The github project for postgrey reveals that it’s actually fairly old, fairly stable (or perhaps stagnant), has a single primary author (David Schweikert) who has many other projects as well. That makes me wonder if David wouldn’t perhaps be approachable on the matter after all. Perhaps he’s just as sick and tired of the arms-race of trying to keep postgrey effective that he’d actually be keen to show that his original and subsequent strategies have since been defeated.

@JoshData, have you been in touch with David Schweikert? Would you (or anone else for that matter) care to join me in reaching out to David as a group rather than just one user? It might even be that as a group we can offer David some alternative strategies to implement if he’s still keen on getting ahead in the arms-race against spam.

MarthinL · April 10, 2024, 8:31am

@JoshData well, sure, I guess. Do we need to be sympathetic to those who send out spam? Would any spammer choose MiaB? Would you want them to?

I think that in order to do what it does postgrey has done the tough bit of inserting itself into the mail chain where it can monitor incoming messages and the behaviour patterns of its sources. I don’t wish to see that disappear completely, but I do think it needs to move with the times and start using its position in the MTA toolchain to better effect.

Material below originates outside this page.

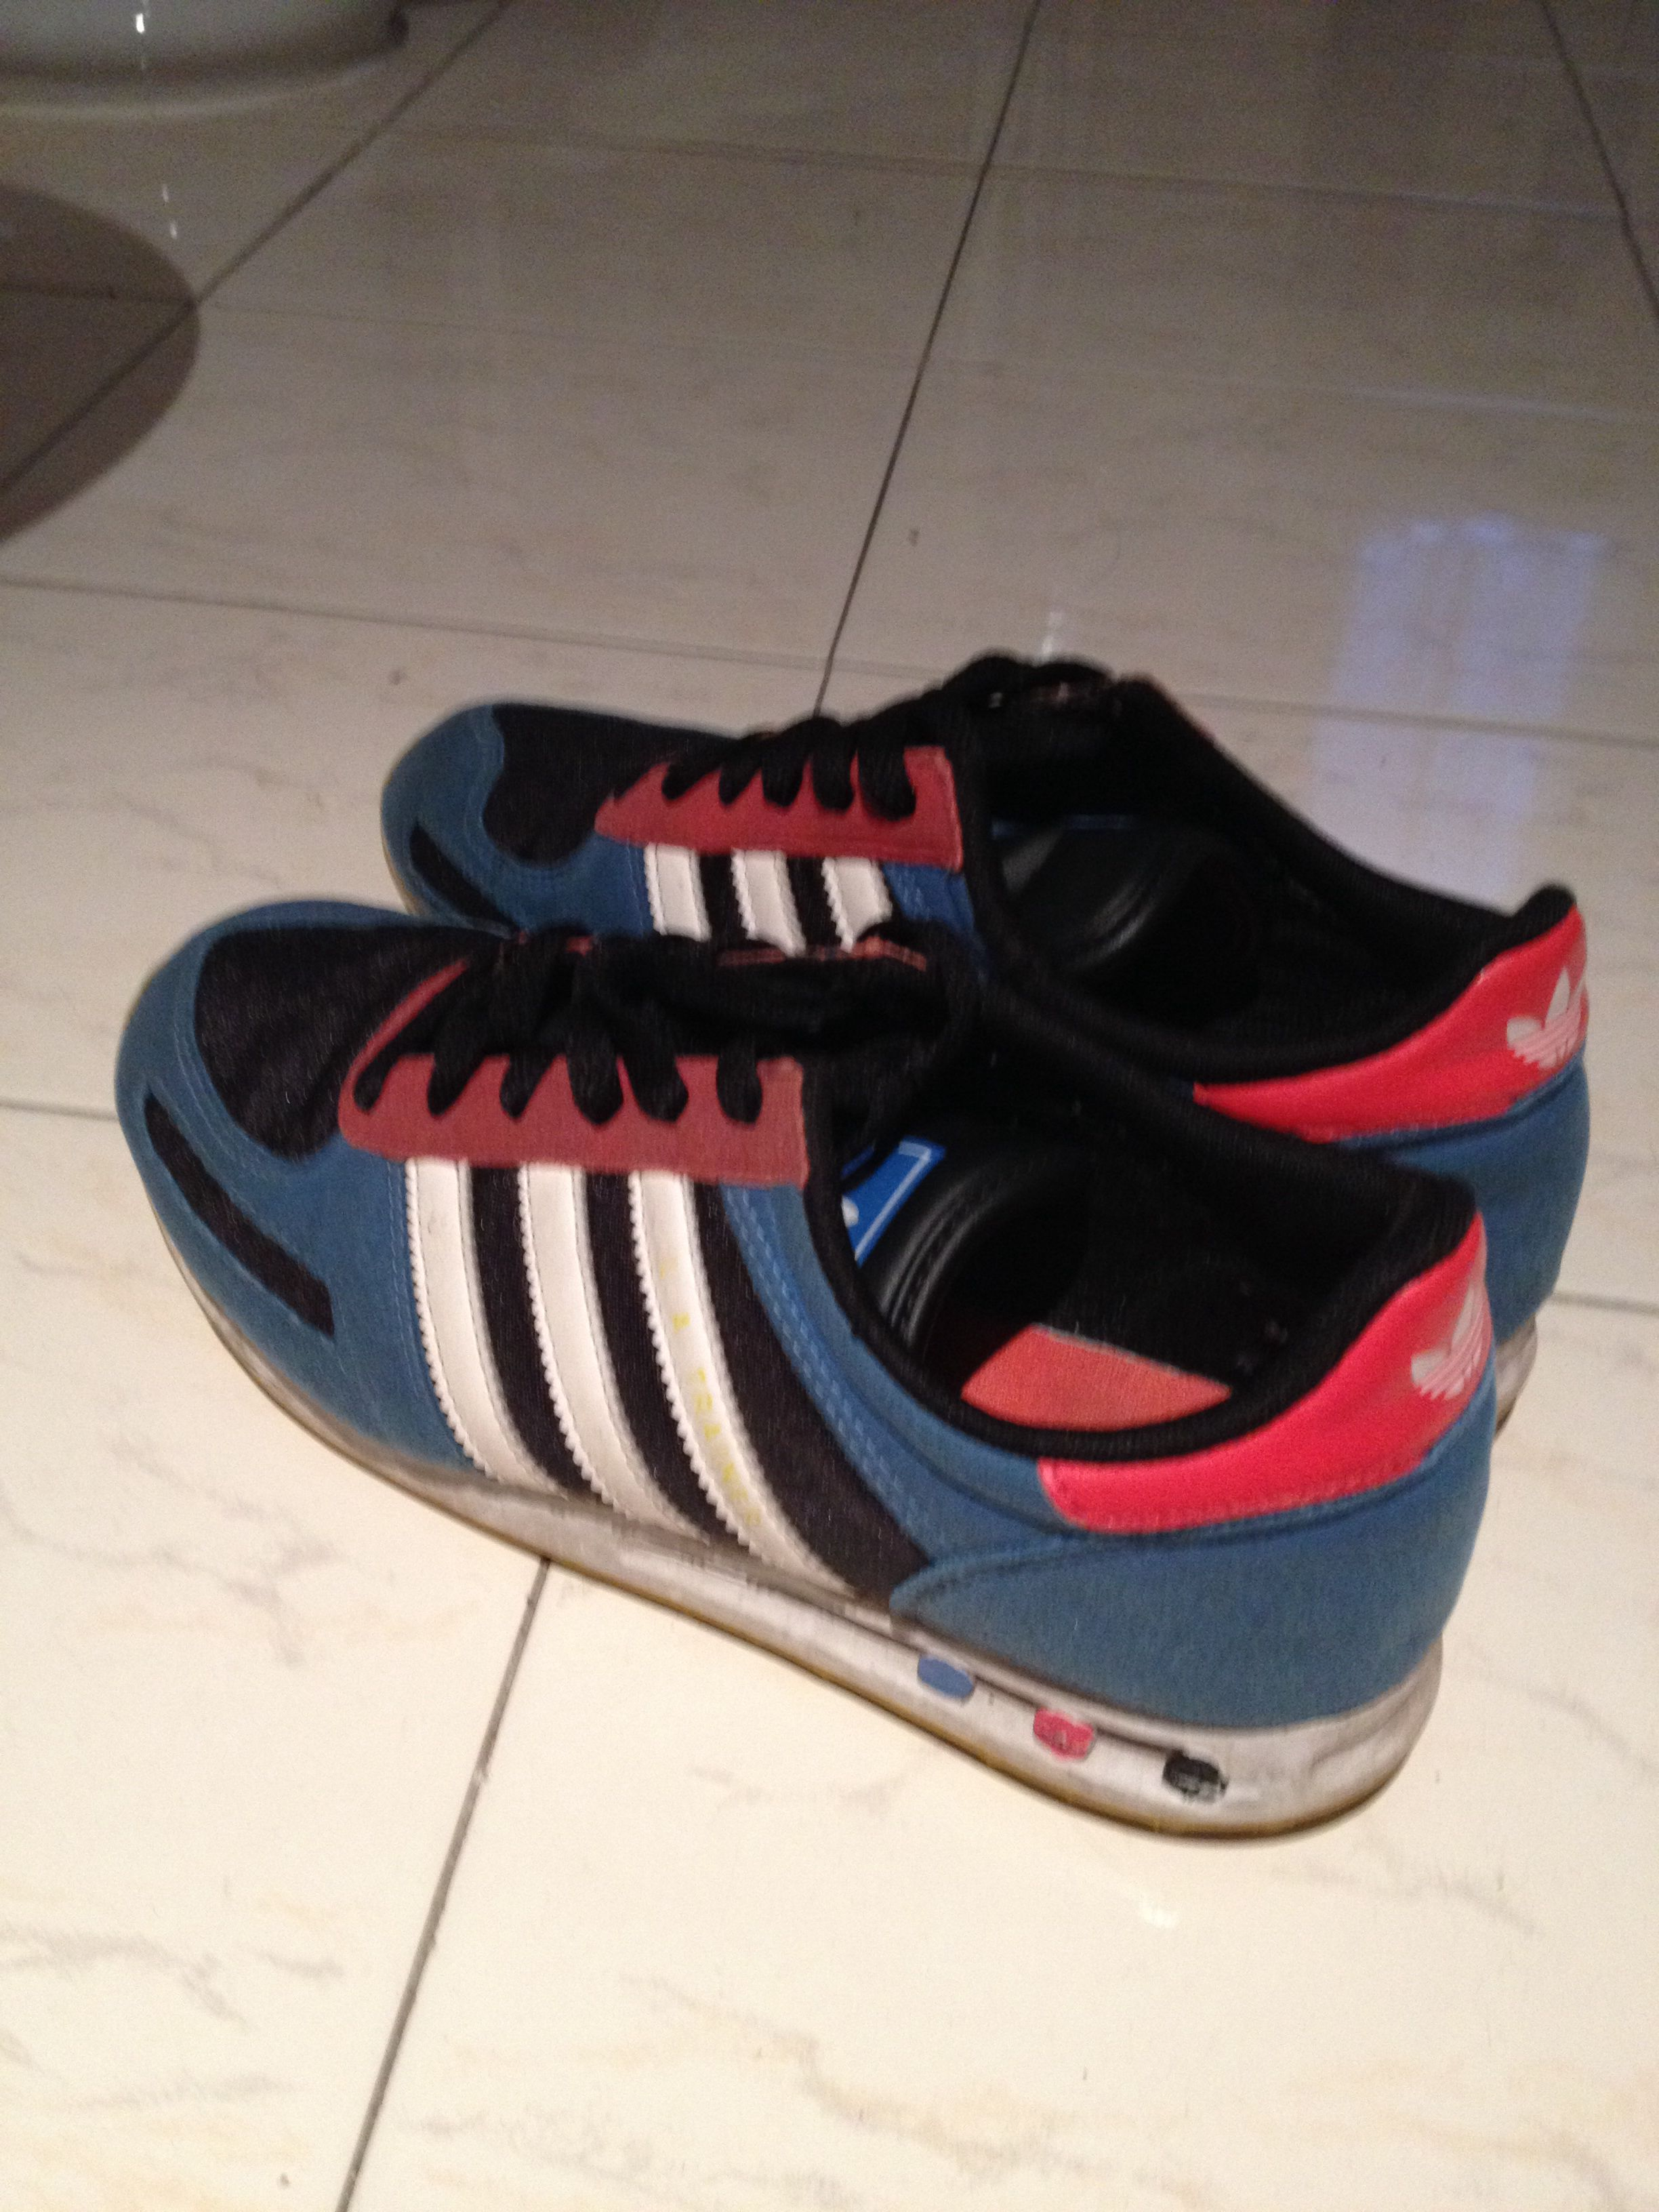 scarpe adidas per palestra
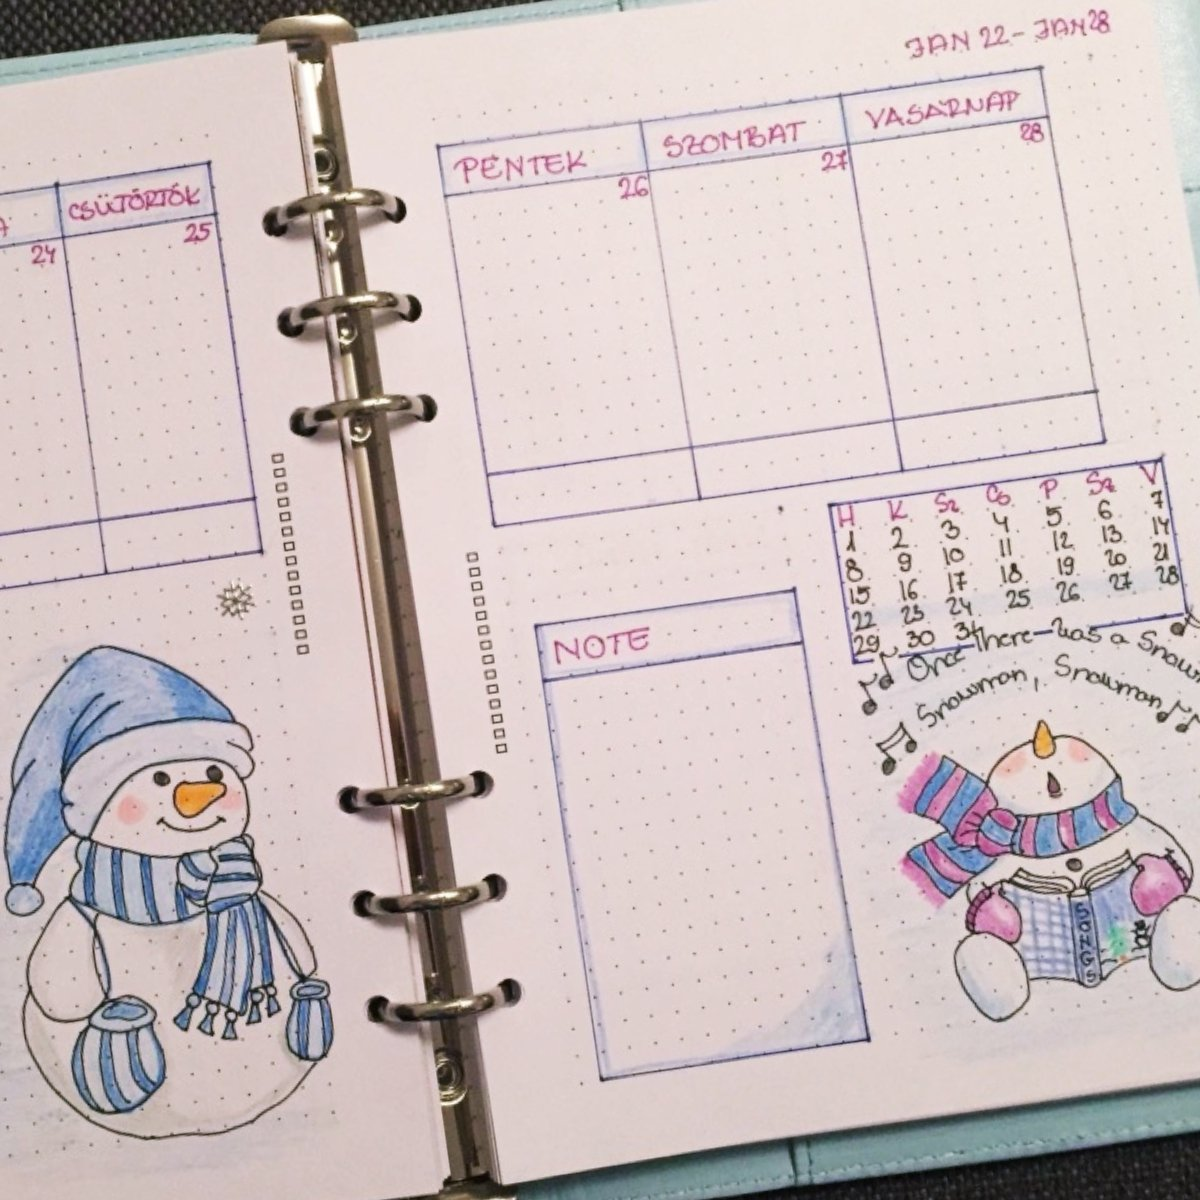 Creative journal weekly planner - week 4 - itstartswithacoffee.com #creativejournaling #weekly #weeklyplanner #2018 #january #2018January #planner

The MiaB community might be relatively small and completely adverse to complicated setups, but I hold that as a group under your guidance we offer unique value of our own. We don’t control what gets agreed to behind the closed doors of the major players in email, but we do control what we agree to do ourselves or in MaiB. As such, and if we condemn the entire practice of spamming, we can pool meta-data from all MiaB servers to identify legitimate senders, spam senders and their emails far quicker and more acurate. If we do it right, with the help of the right people, we can expect to make life quite difficult for someone to get a spam message delivered to more than a handful of MiaB users before all our servers know to reject those hard and permanently.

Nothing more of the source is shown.